### [RECORDS SHOWN]
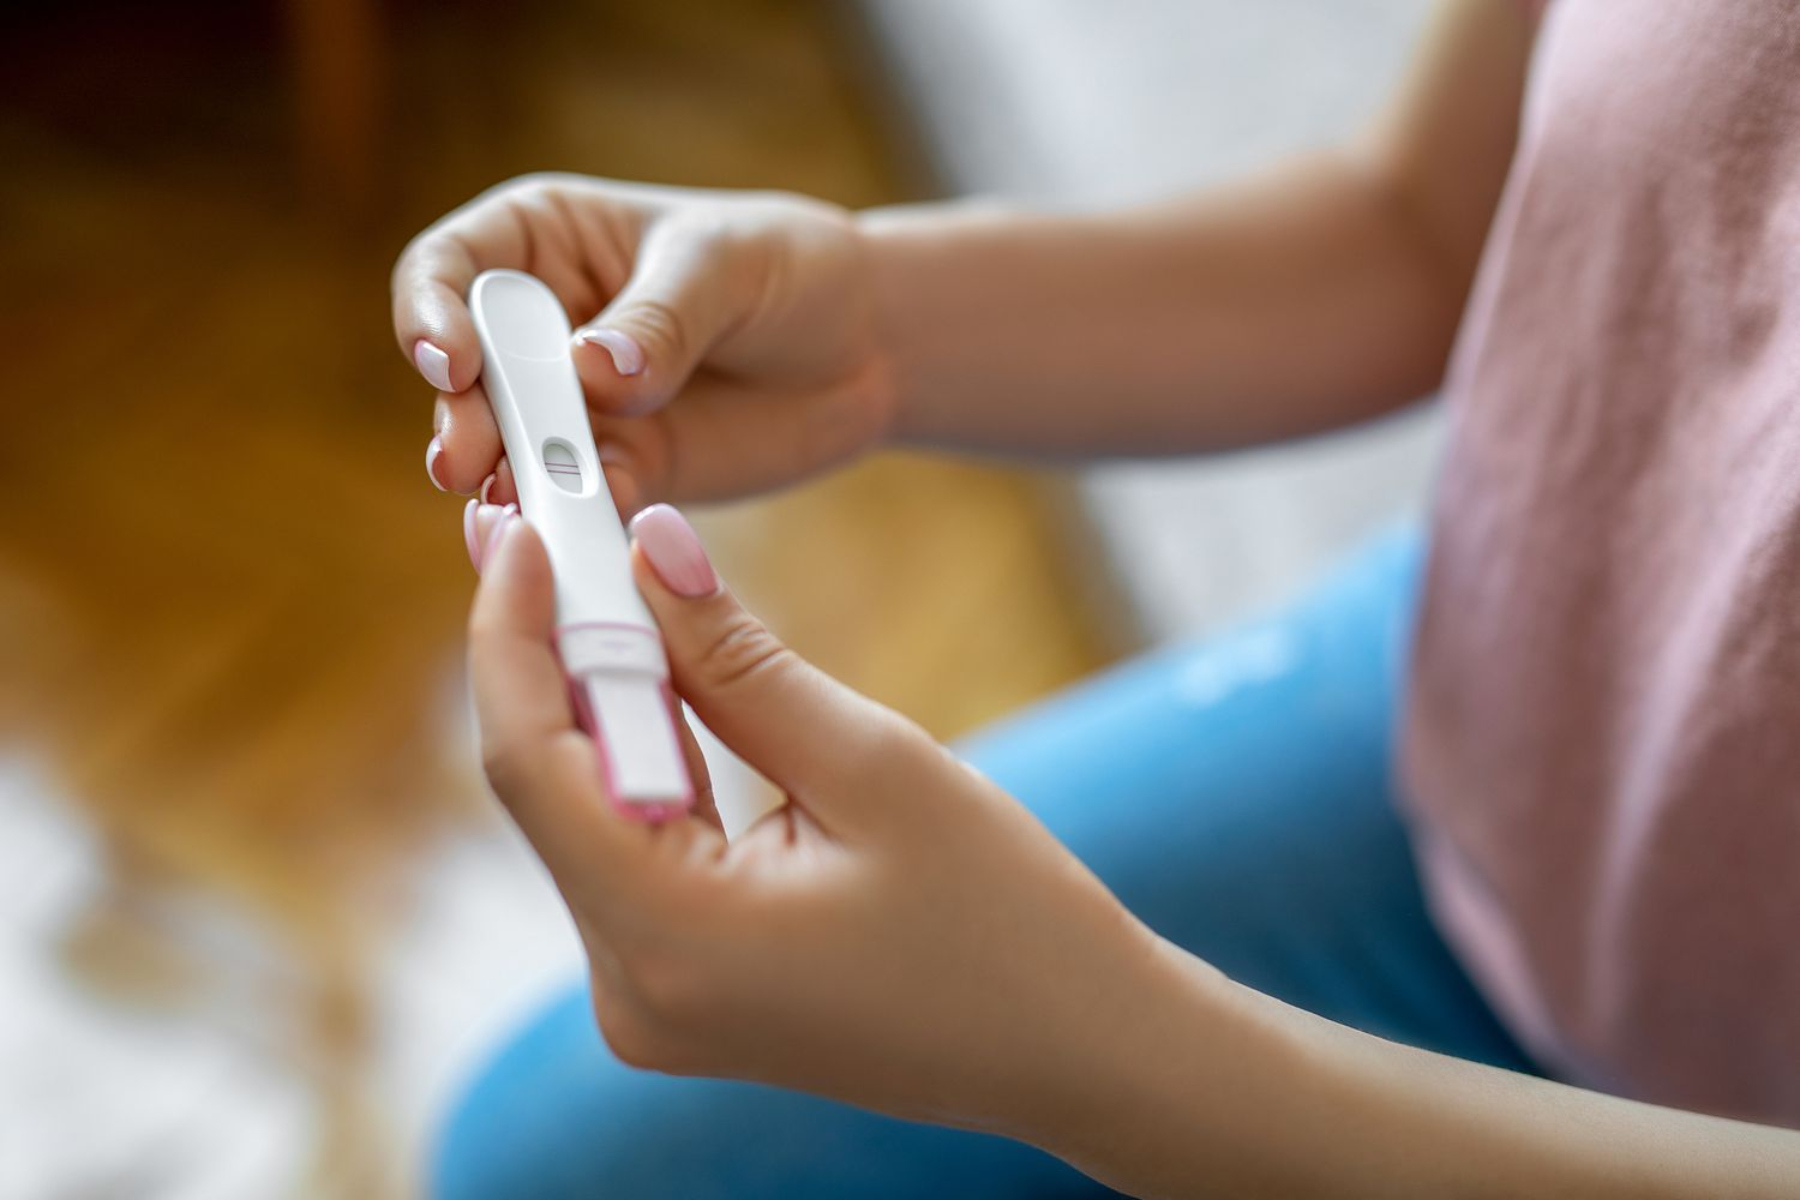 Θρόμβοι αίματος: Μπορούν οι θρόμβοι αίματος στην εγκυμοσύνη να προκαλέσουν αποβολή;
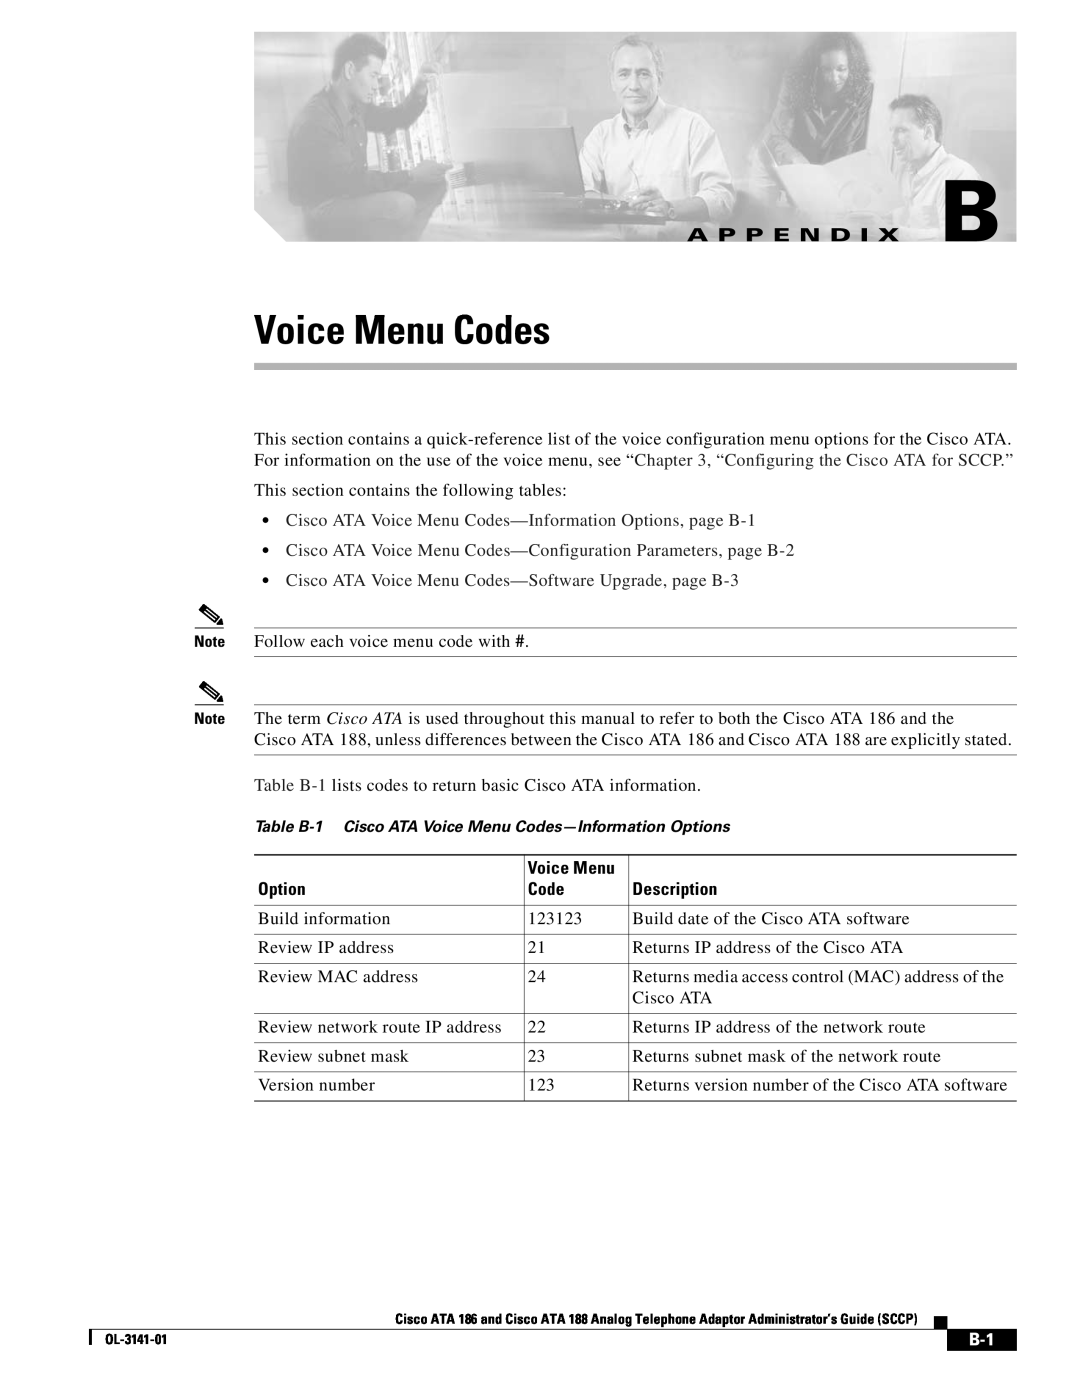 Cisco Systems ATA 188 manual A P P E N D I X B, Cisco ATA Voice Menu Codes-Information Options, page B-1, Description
---
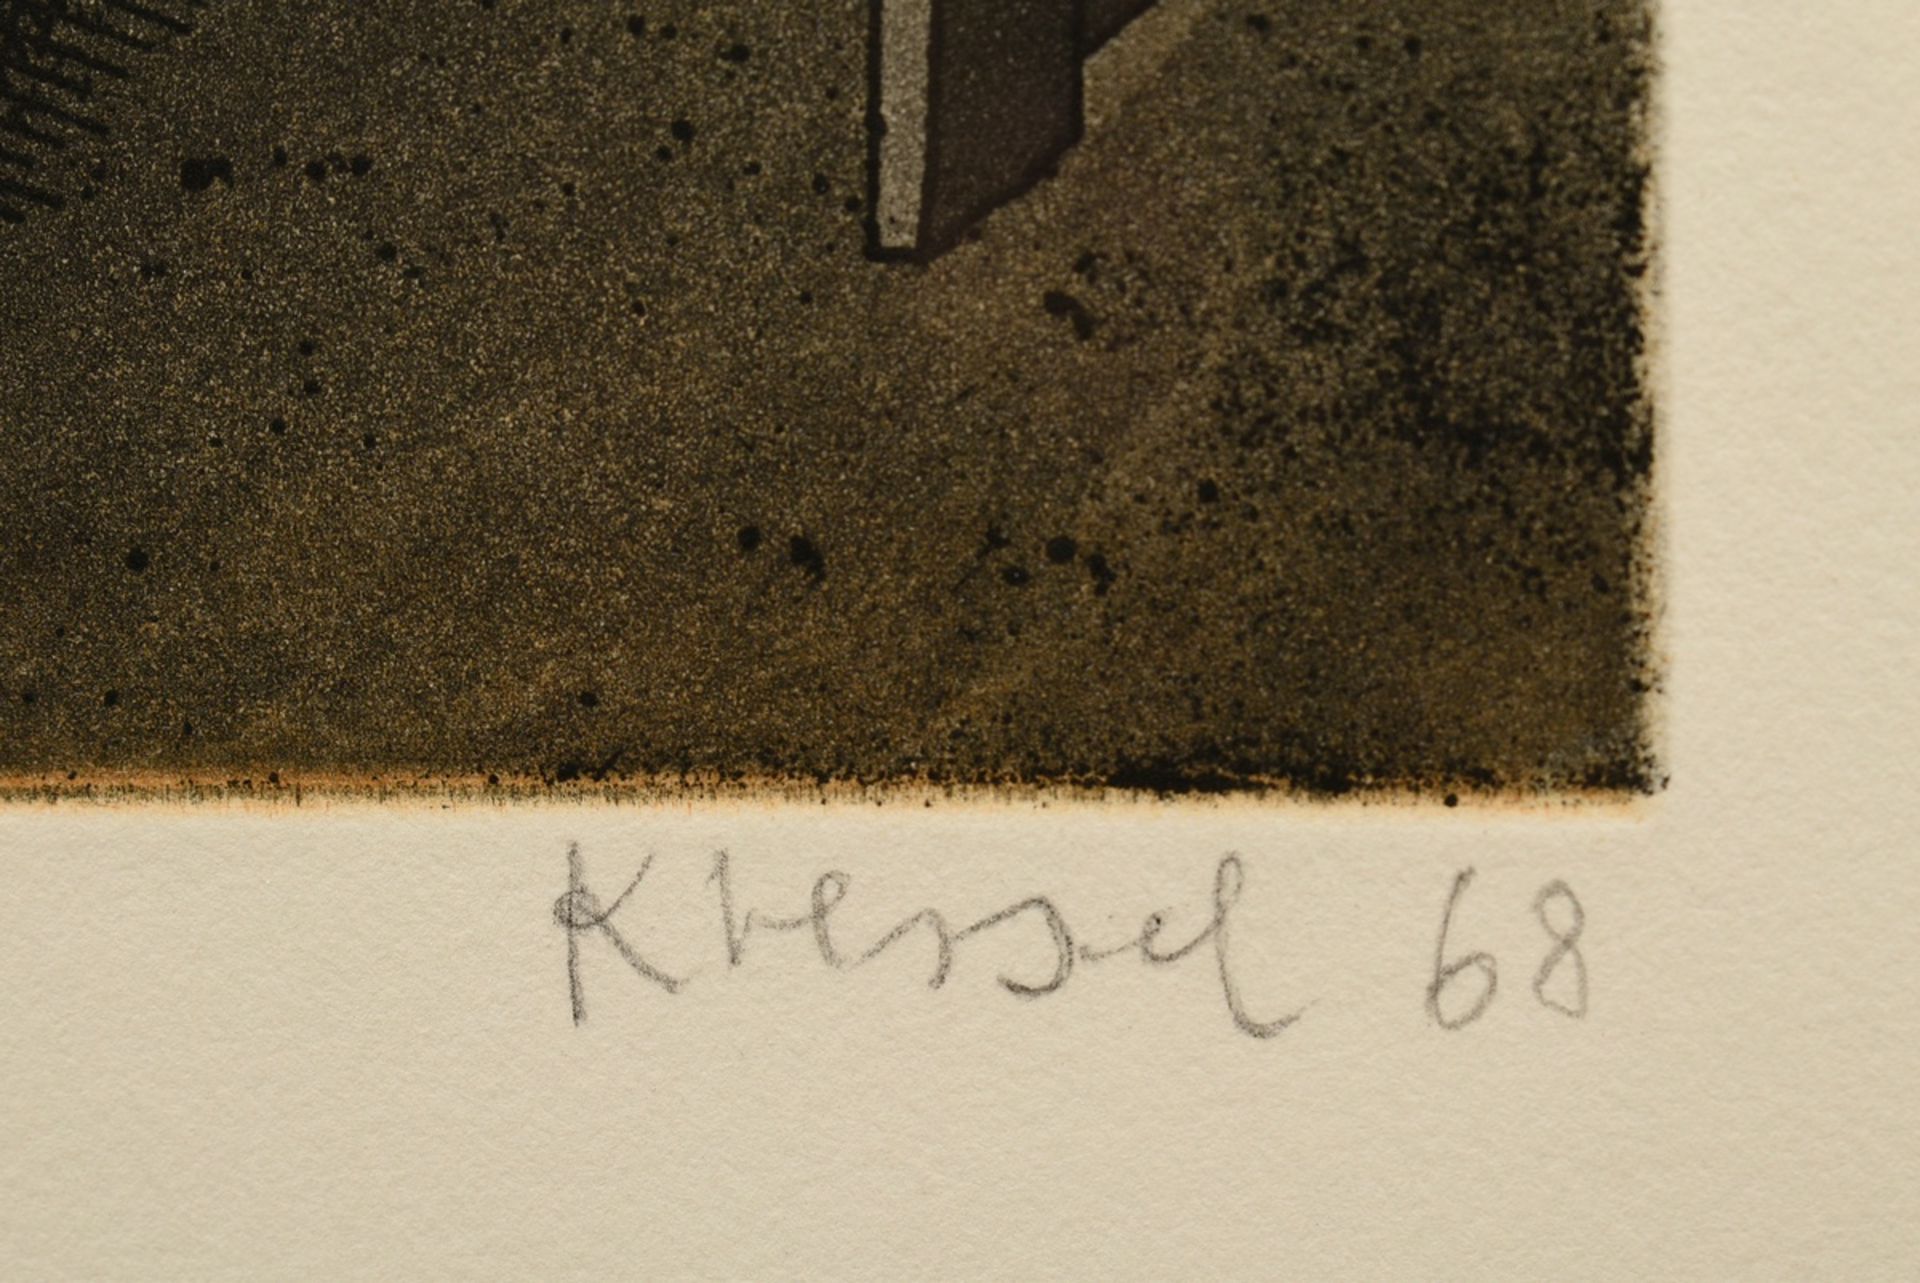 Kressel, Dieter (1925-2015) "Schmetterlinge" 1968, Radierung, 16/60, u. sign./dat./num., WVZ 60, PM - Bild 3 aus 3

### [ABOUT THIS TASK]
Copy out the listing above from the line containing "Θρόμβοι αίματος: Μπορούν" to the line containing "Cisco Systems ATA", both included, exactly as written and minus the images.

### [FINAL ANSWER]
 Θρόμβοι αίματος: Μπορούν οι θρόμβοι αίματος στην εγκυμοσύνη να προκαλέσουν αποβολή;
 Cisco Systems ATA 188 manual A P P E N D I X B, Cisco ATA Voice Menu Codes-Information Options, page B-1, Description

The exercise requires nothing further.